Коменданта в канцелярии не оказалось, когда привели немца. Пришлось подождать. Я застал фрица на завалинке, окруженного народом. Он сидел испуганный и молчаливый. Мессауд караулил его, храня напряженное и торжественное выражение.
— Кто ты такой? — все спрашивал он пленника. — Моя тебе говори французски, твоя понимай нет. Твоя, значит, ничего не понимай?! Твоя дикарь?!
Кругом гремели шутки и смех, но фриц не понимал их и молчал.
Как только явился комендант, дело пошло необычайно быстро. Мессауд отдал ружье фрица, положил на стол гильзы и, сняв с руки пленного знаки красного креста, отошел на два шага и стал в позицию «смирно».
— Обыскать! — негромко приказал комендант.

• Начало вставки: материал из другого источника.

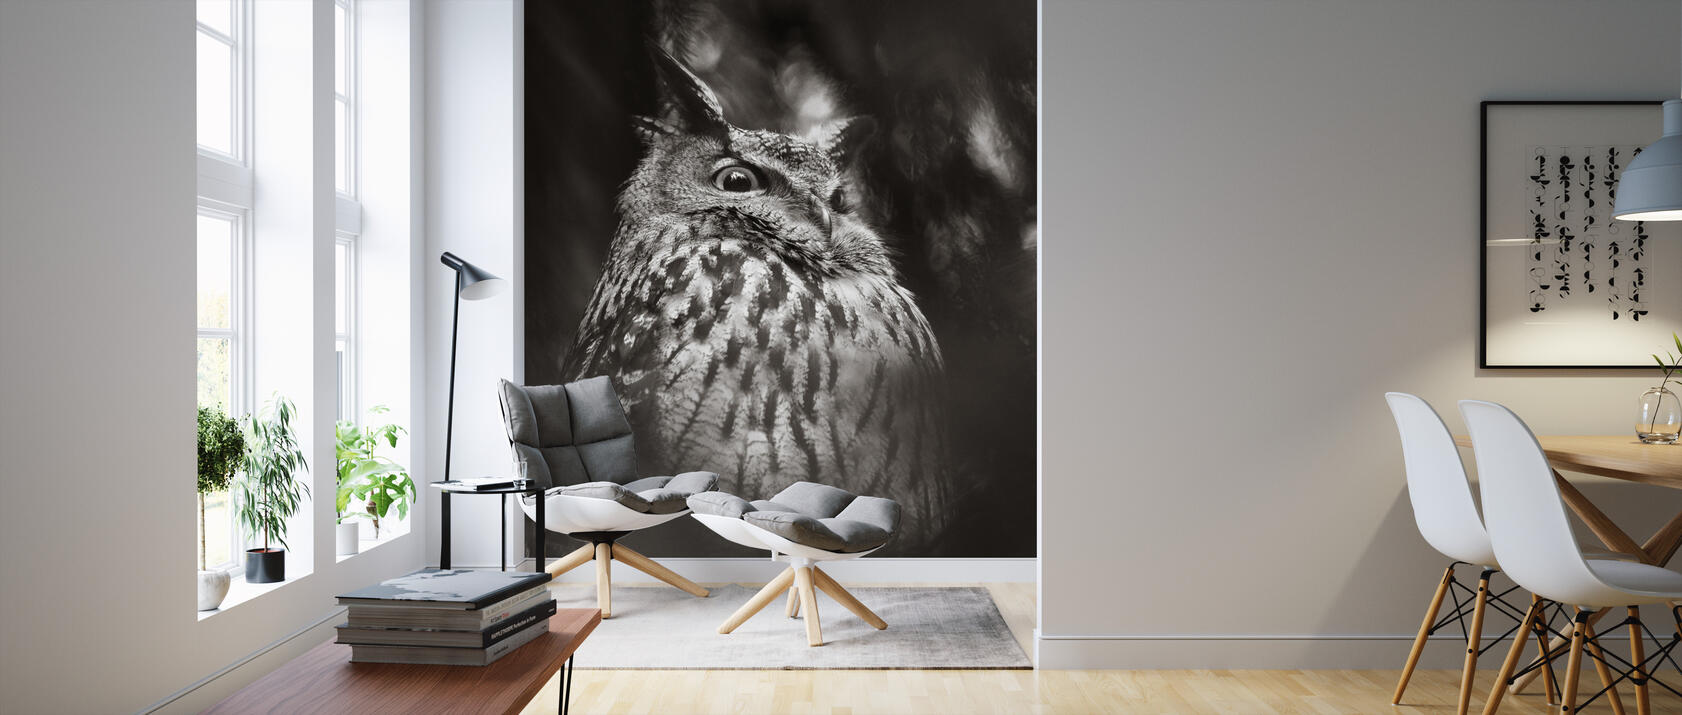 misty owl fototapete nach ma photowall. Black Bedroom Furniture Sets. Home Design Ideas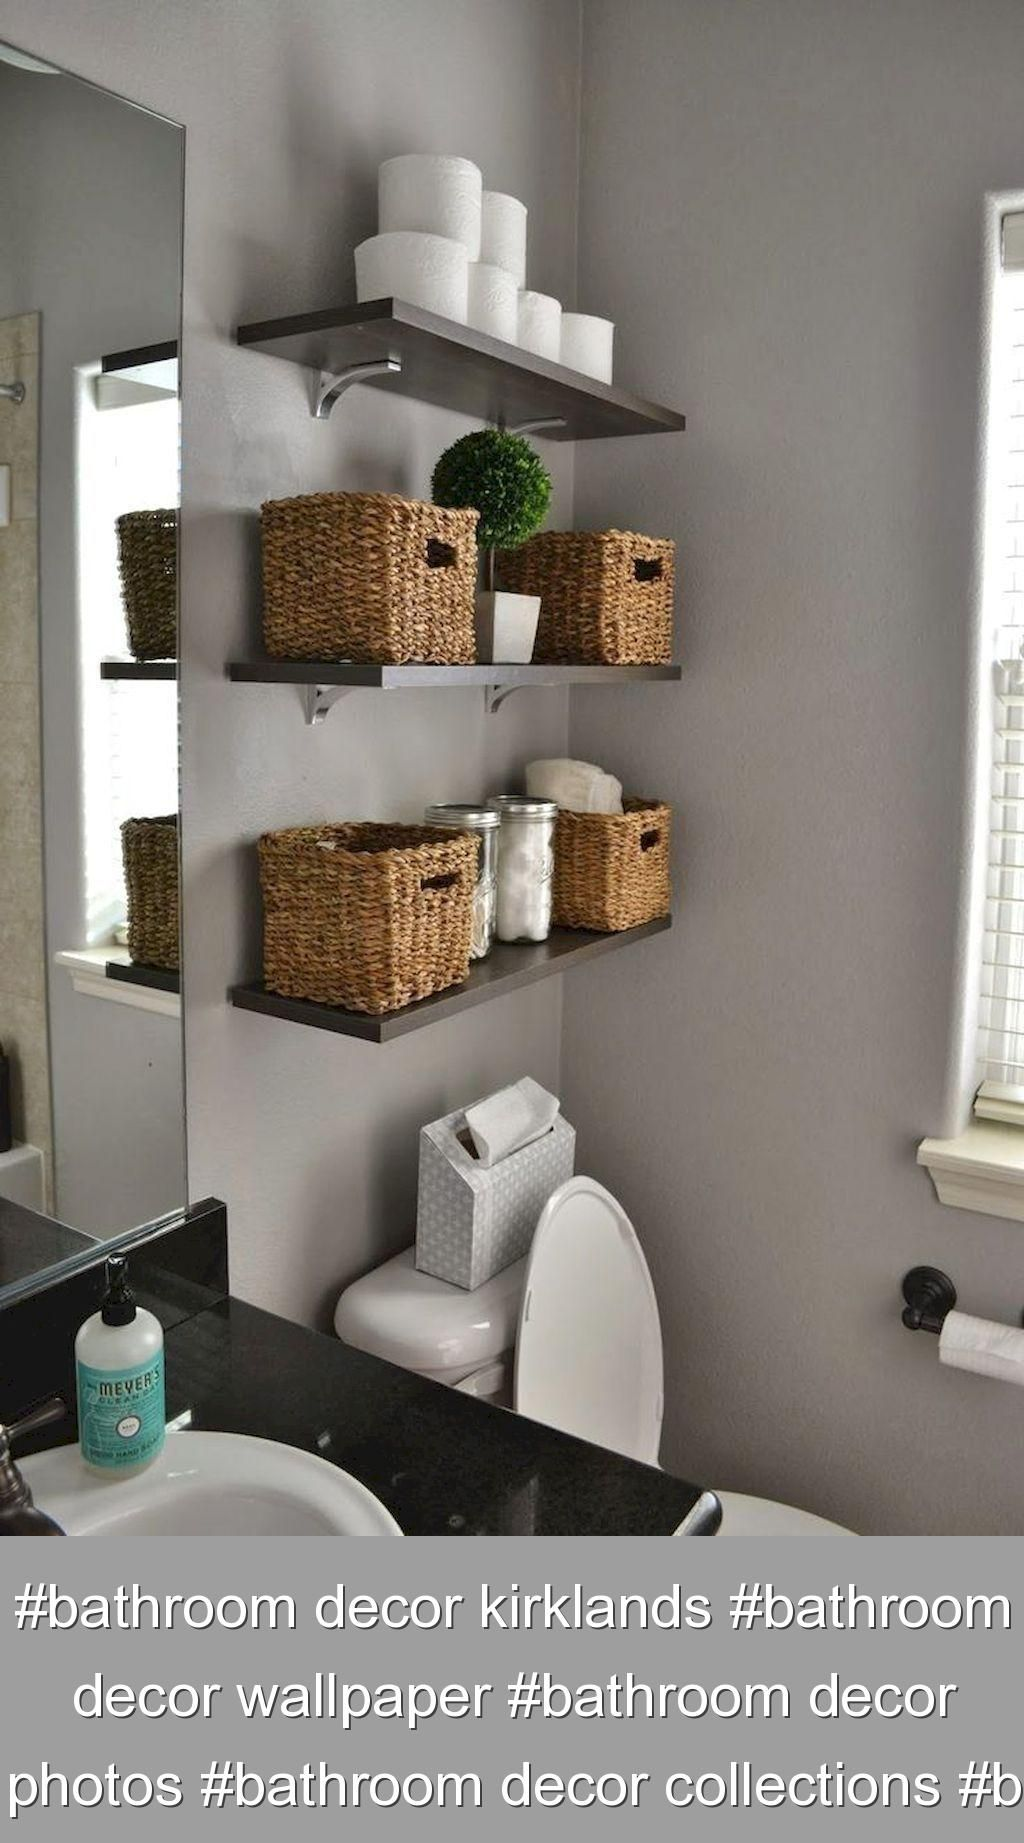 bathroom decor kirklands #bathroom decor wallpaper #bathroom decor

При немце не нашли ничего, кроме письма к жене, Марте Дуезифкен. Это было письмо, крестьянина. Оно содержало распоряжения насчет коровы, сливового дерева и поросенка, а главным образом насчет огородных семян и заканчивалось сообщением об ожидающейся атаке со стороны французов, которой автор письма, однако, не боится, потому что верит в бога и его милосердие. Письмо было подписано: «Иоганн Дуезифкен».
Комендант слушал чтение рассеянно. Он был чем-то озабочен. Прошло минуты две, раньше чем он заметил, что чтение окончено и что здесь находимся все мы — немец, Мессауд, переводчик, я и писарь.